= Domnus of Pannonia =

Domnus (or Domnio) was the metropolitan bishop of Sirmium early in the fourth century. He probably succeeded Irenaeus, the first known bishop of Sirmium, who was martyred in 304. He was deposed after 325 and before 337. By 343 he was dead.

Domnus was one of just five bishops from the Latin-speaking western half of the Roman Empire known to have attended the First Council of Nicaea in 325. He is mentioned in the lists of signatories to the canons and the Nicene Creed as Domnus Pannoniae (Domnus of Pannonia), Domnus Pannoniensis (the Pannonian) or Domnus metropolitanus (the metropolitan), without mention of a see.
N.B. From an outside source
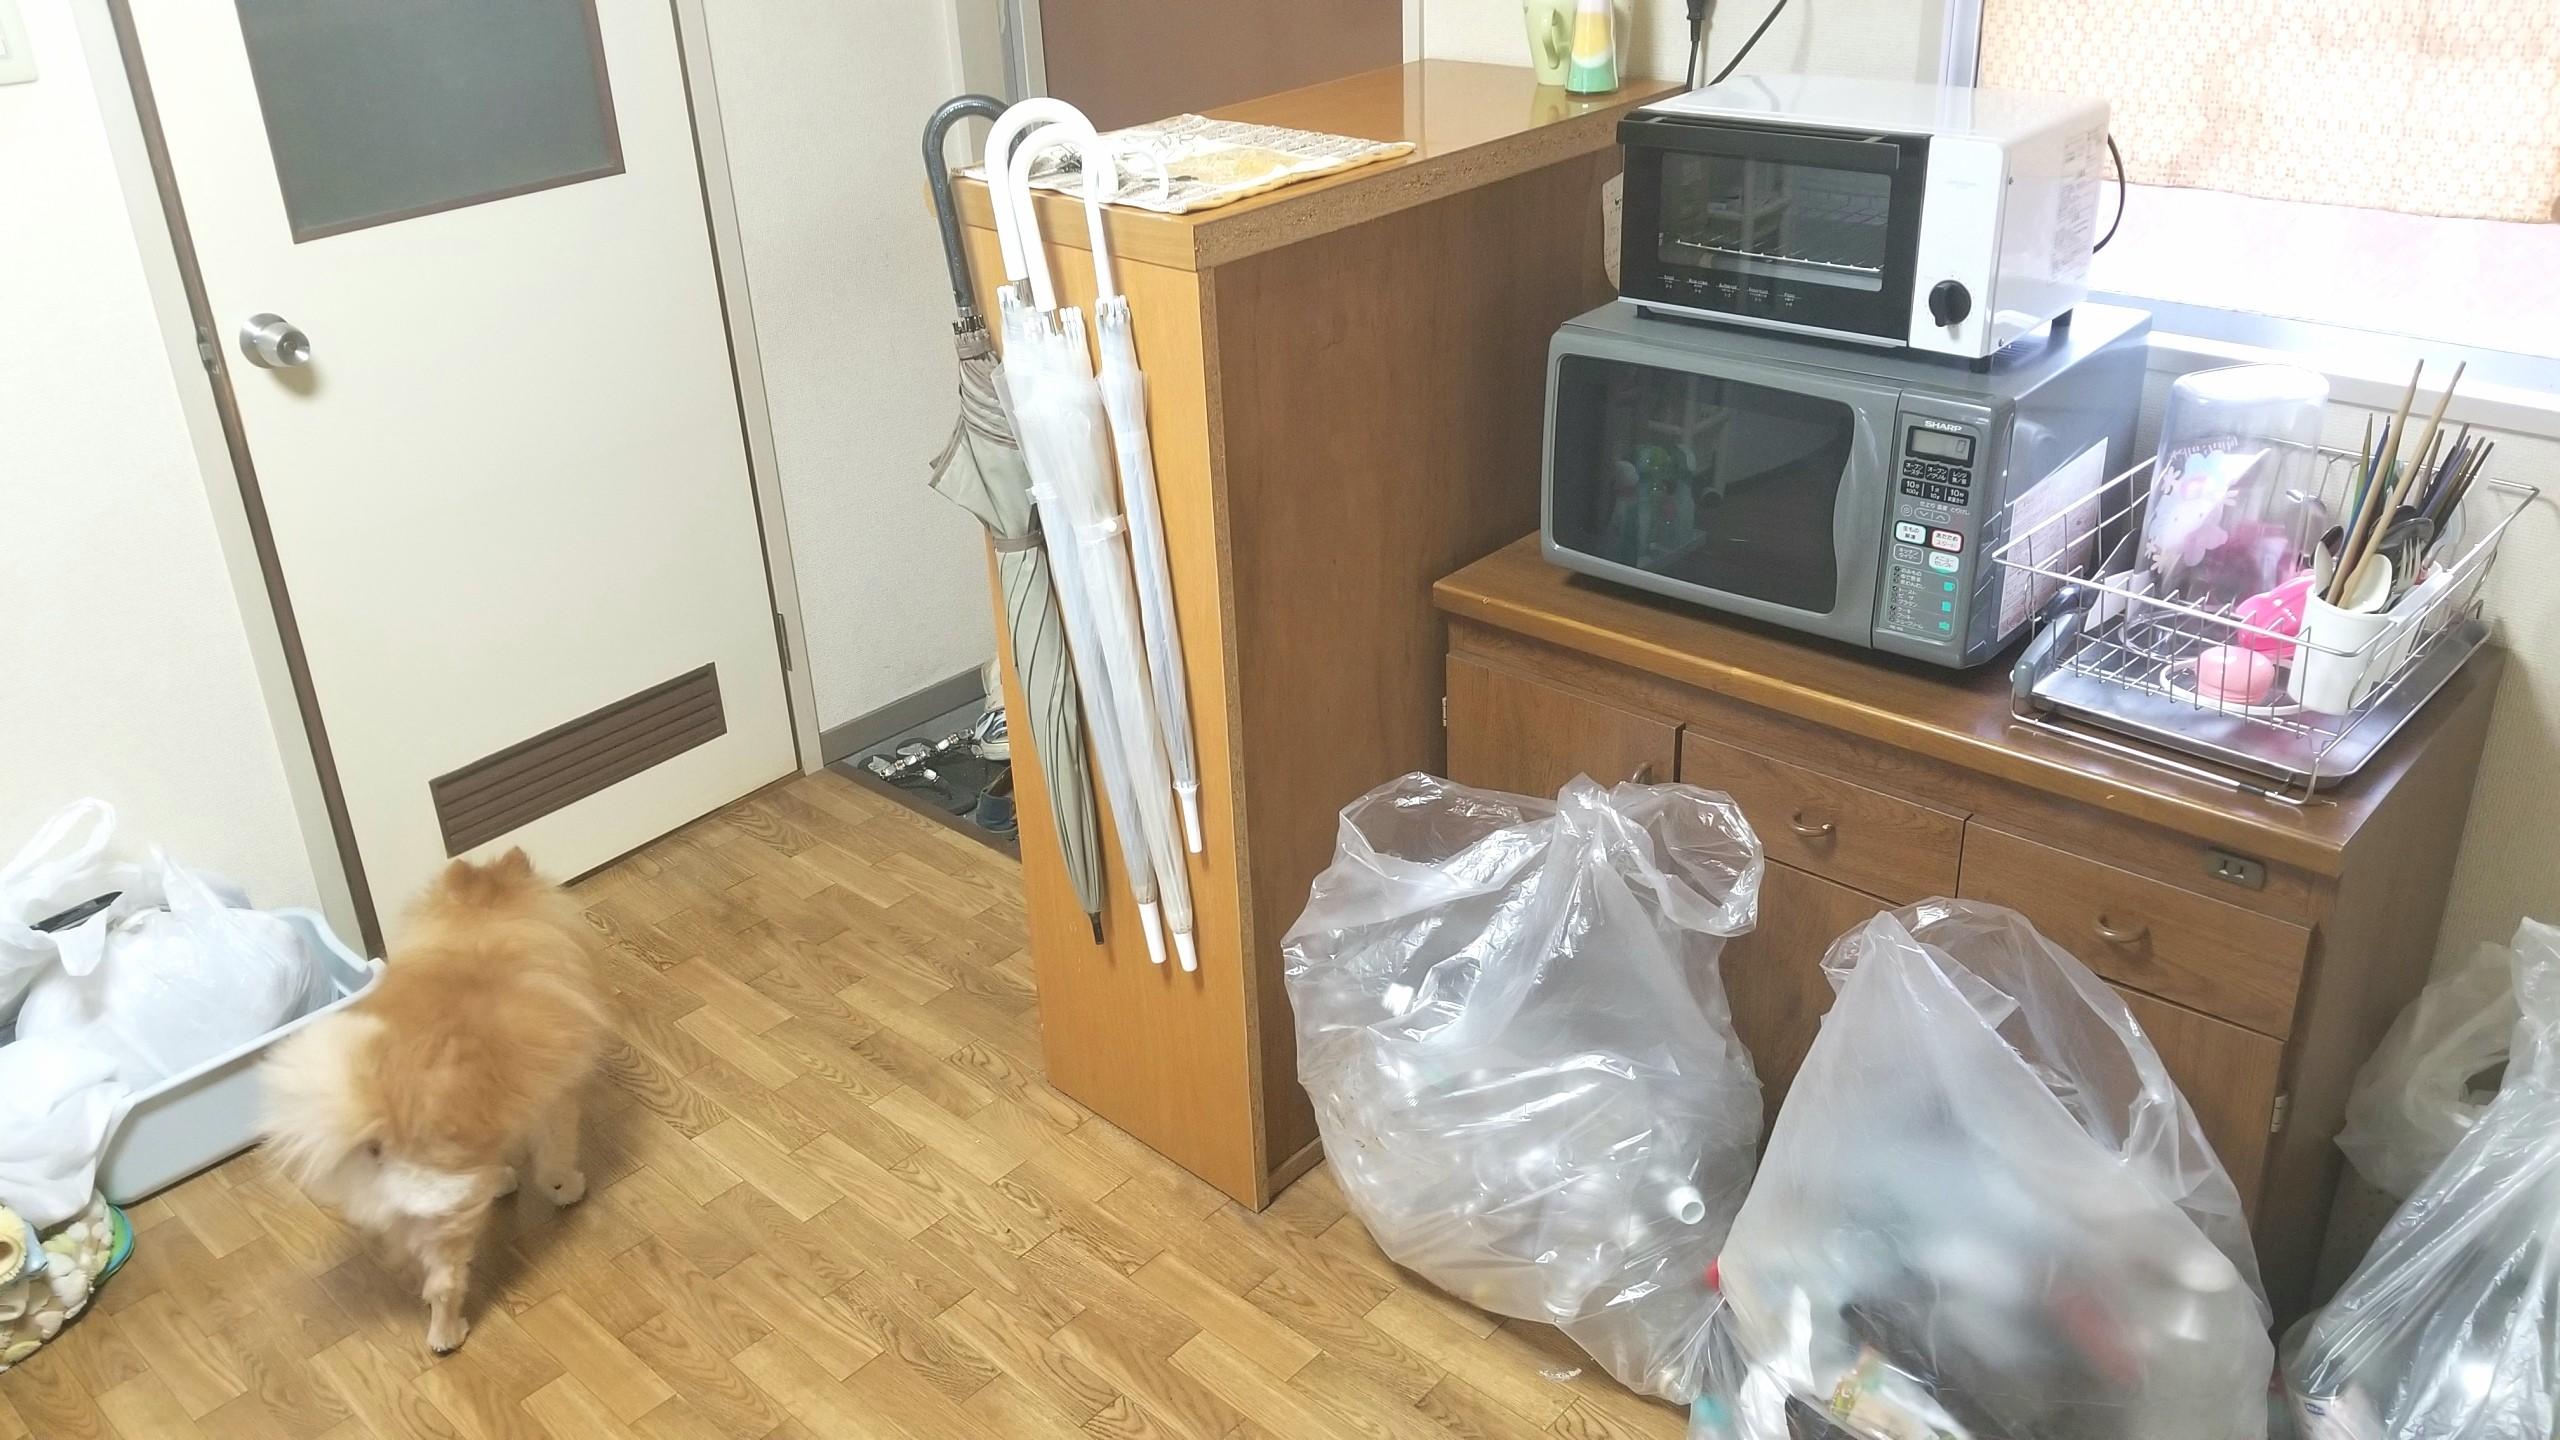 キッチン,部屋掃除,綺麗になる,ゴミ箱分別,賃貸,レンジ台,7畳,床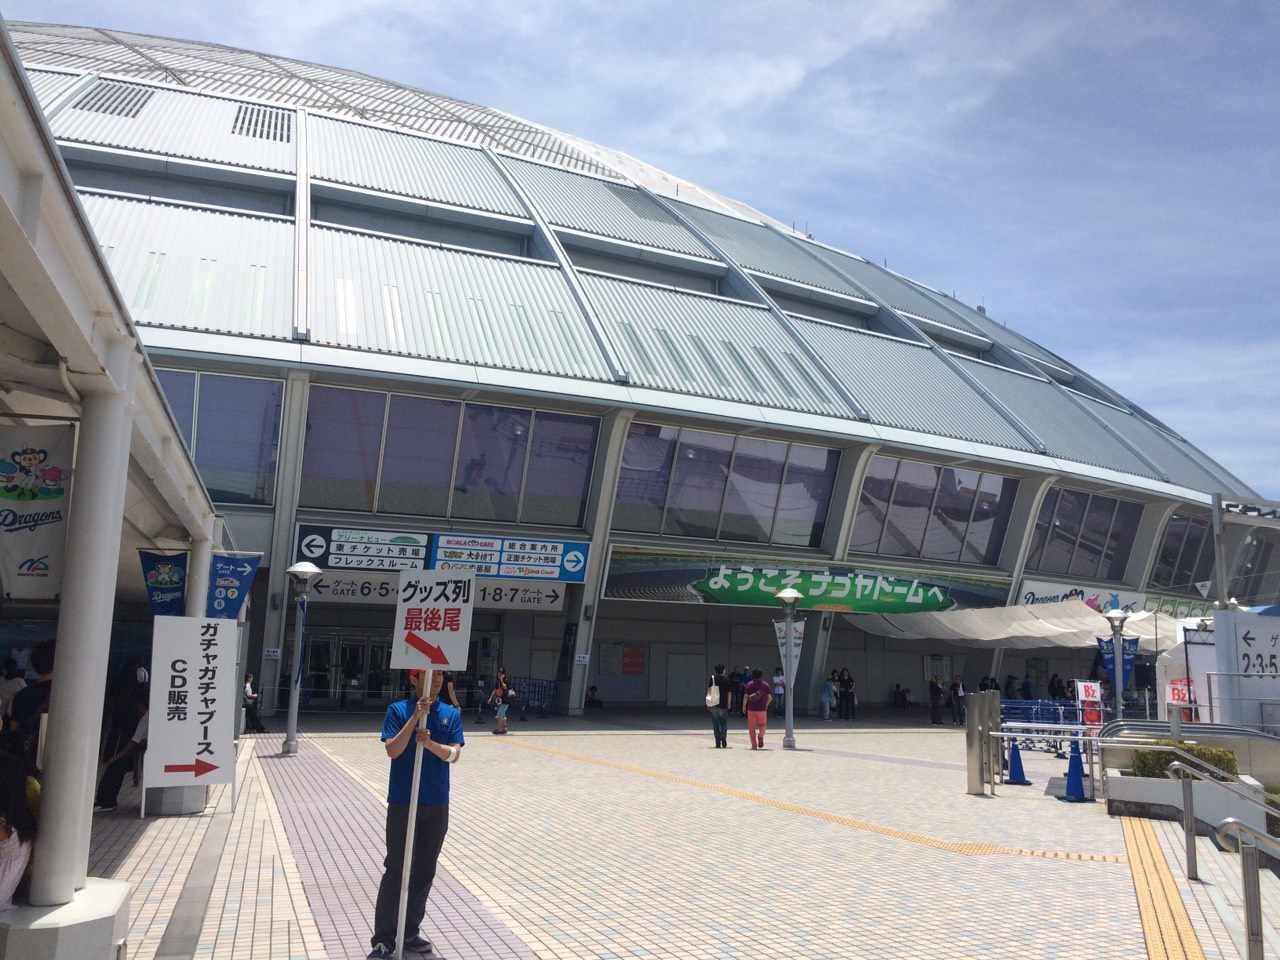 B'z LIVE-GYM 2015 -EPIC NIGHT- ナゴヤドーム千秋楽の現地写真提供してもらいました!

Similarly, when Domnus' successor at Sirmium, Eutherius, attended the Council of Serdica in 343, the lists named him only as a Pannoniis (from Pannonia). Since Sirmium was the capital of the province of Pannonia Secunda at the time and the largest and richest city in all of Pannonia, it is likely that it was the metropolis of the church there and it was understood that the Domnus and Eutherius represented their entire province.

Towards the end of the reign of Constantine I around the time of the First Council of Tyre in 335, Domnus was the victim of the anti-Nicene reaction that took hold in Pannonia. According to Athanasius of Alexandria's History of the Arians, Domnus was deposed, forced into exile and replaced because he "hated the [Arian] heresy". It is only Athanasius' contemporary reference to Domnus Sirmii that allows the bishop of Sirmium and the Nicene bishop to be connected. It is possible, however, reconstruct a nearly complete list of Catholic and Arian bishops of Sirmium for the fourth century.

Older works sometimes refer to Domnus of Pannonia as "Domnus of Stridon" (Domnus Stridonensis). This is an error. The village of Stridon, birthplace of Saint Jerome, did not have bishops. Rather, in some lists of Nicene signatories the name preceding that of Domnus, Budius Stobiensis (bishop of Stobi), has been corrupted to Stribon(ensis) and then mistakenly applied to Domnus, being hypercorrected in the process to Stridon(ensis). This error appears in the Illyricum sacrum (1751) and in Giovanni Domenico Mansi's Sacrorum Conciliorum nova et amplissima collectio (1758–98).